The supportive housing model has not only proven successful in stabilizing individuals and families in permanent housing, but is also undeniably beneficial for surrounding neighborhoods. A study conducted by the NYU Furman Center for Real Estate and Urban Policy Policy analyzed supportive housing residences built in New York City between 1985 and 2003 and found that property values around supportive housing developments increased over time.

Unfortunately the current supportive housing agreement between the City and the State – New York/New York III – ends next year, and there are not nearly enough units available to meet the record demand. More than 20,000 households per year are found eligible for supportive housing, but there’s only one housing unit available for every six eligible applicants.
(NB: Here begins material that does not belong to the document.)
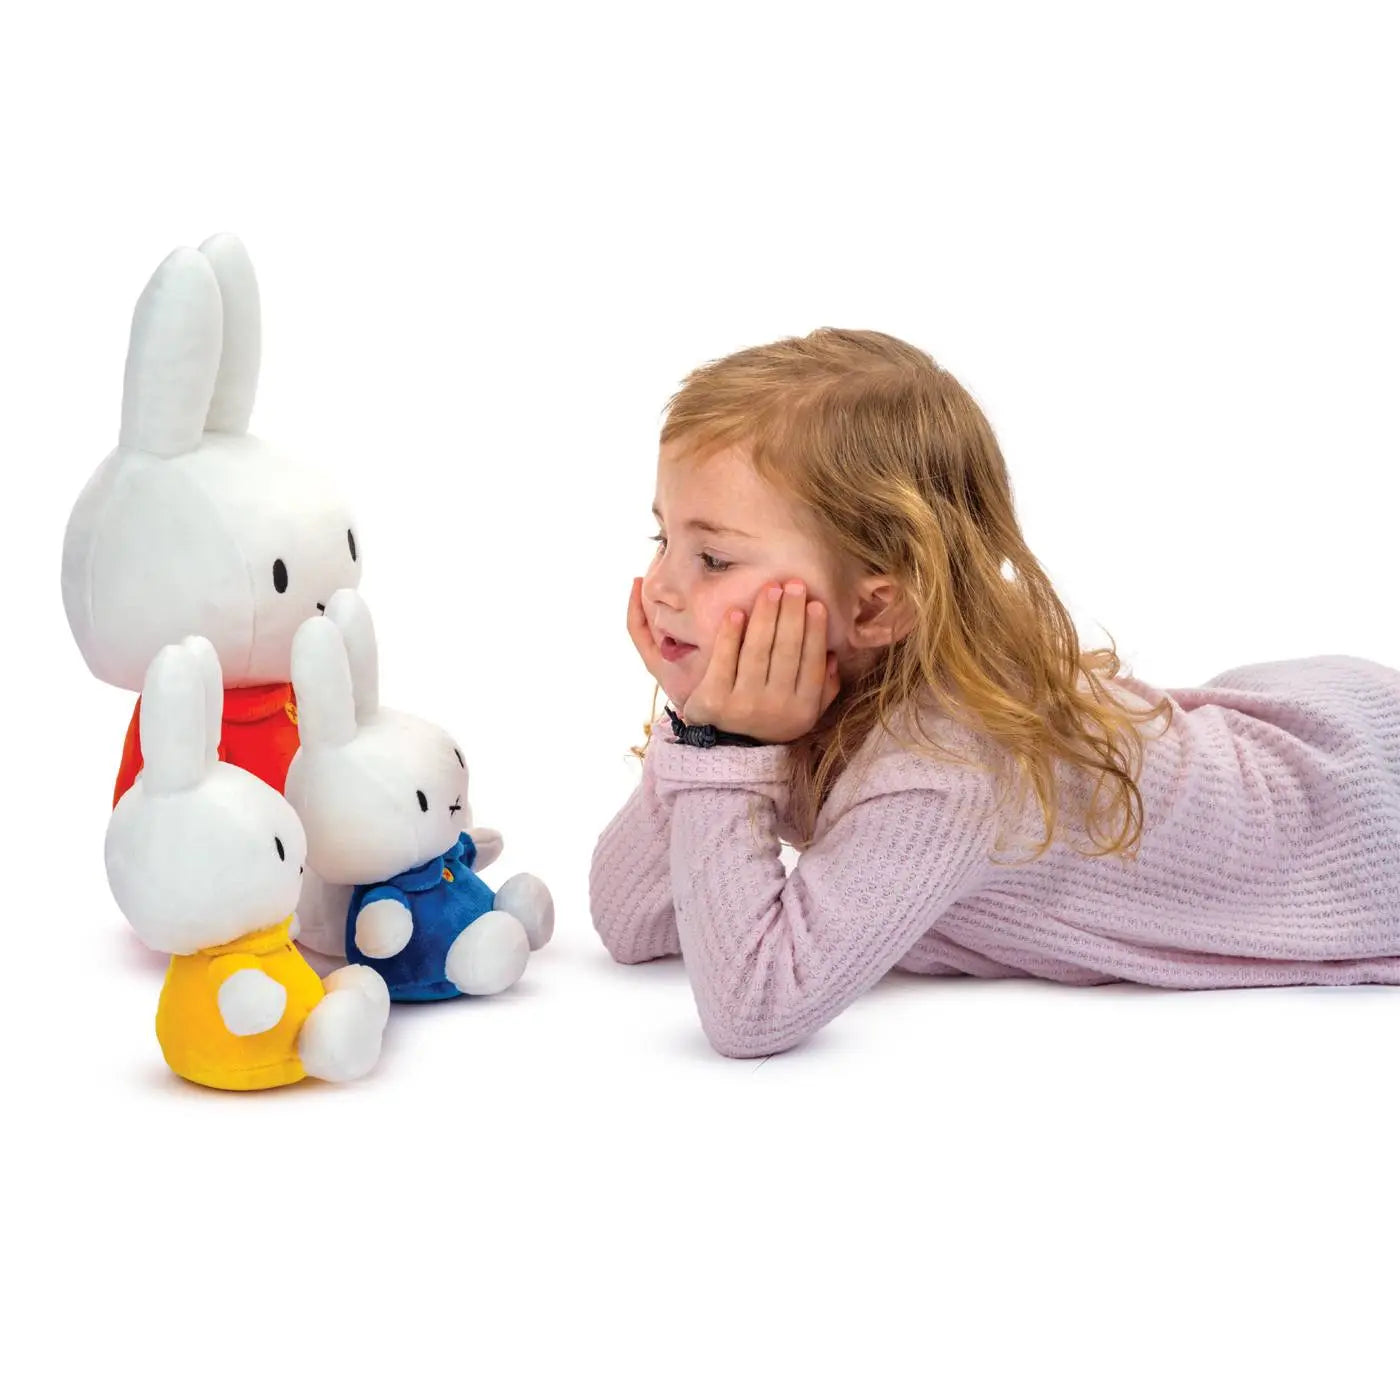 Miffy Plush 7.5in, Classic Red

A new agreement is urgently needed. As Mary Brosnahan, President & CEO of the Coalition for the Homeless, stated:

“We’ve come together to urge Governor Cuomo and Mayor de Blasio to make ending homelessness among the most vulnerable a top priority. In the richest city in the world, literally thousands of New Yorkers with disabilities and special needs will go to sleep tonight without a home. And the biggest tragedy is that we know what works. The housing with support services from past City-State New York/New York Agreements have been the most effective tool to reducing chronic homelessness for our most marginalized neighbors. Supportive housing gives them a home – and, perhaps most importantly, keeps them housed, long-term. People who live in New York/New York housing have significantly improved health and housing outcomes and it saves taxpayers millions. But the need for this housing has never been greater: We have just one housing unit for every six applicants in dire need. That’s why it’s imperative that the Governor and Mayor enact a new agreement – NY/NY IV – to create 30,000 units of supportive housing over the next decade.”

Ted Houghton, Executive Director of Supportive Housing Network of New York, emphasized the need for a new supportive housing agreement in an interview for Capital New York after the rally:

“Supportive housing is the most successful social intervention of the last quarter century,”[ …]“It really not only improves people’s lives, it strengthens communities and it saves taxpayers money. Despite all the success, we now have a situation where the development pipeline—our ability to build new units of supportive housing, to help the 53,000 people who are homeless every night in New York City, people who are institutionalized, people who are just high-cost users of the health system—our ability to build more units for those vulnerable populations is in jeopardy because we need a new city-state agreement to create a target for how many more units we’re going to build and how we’re going to pay for it.”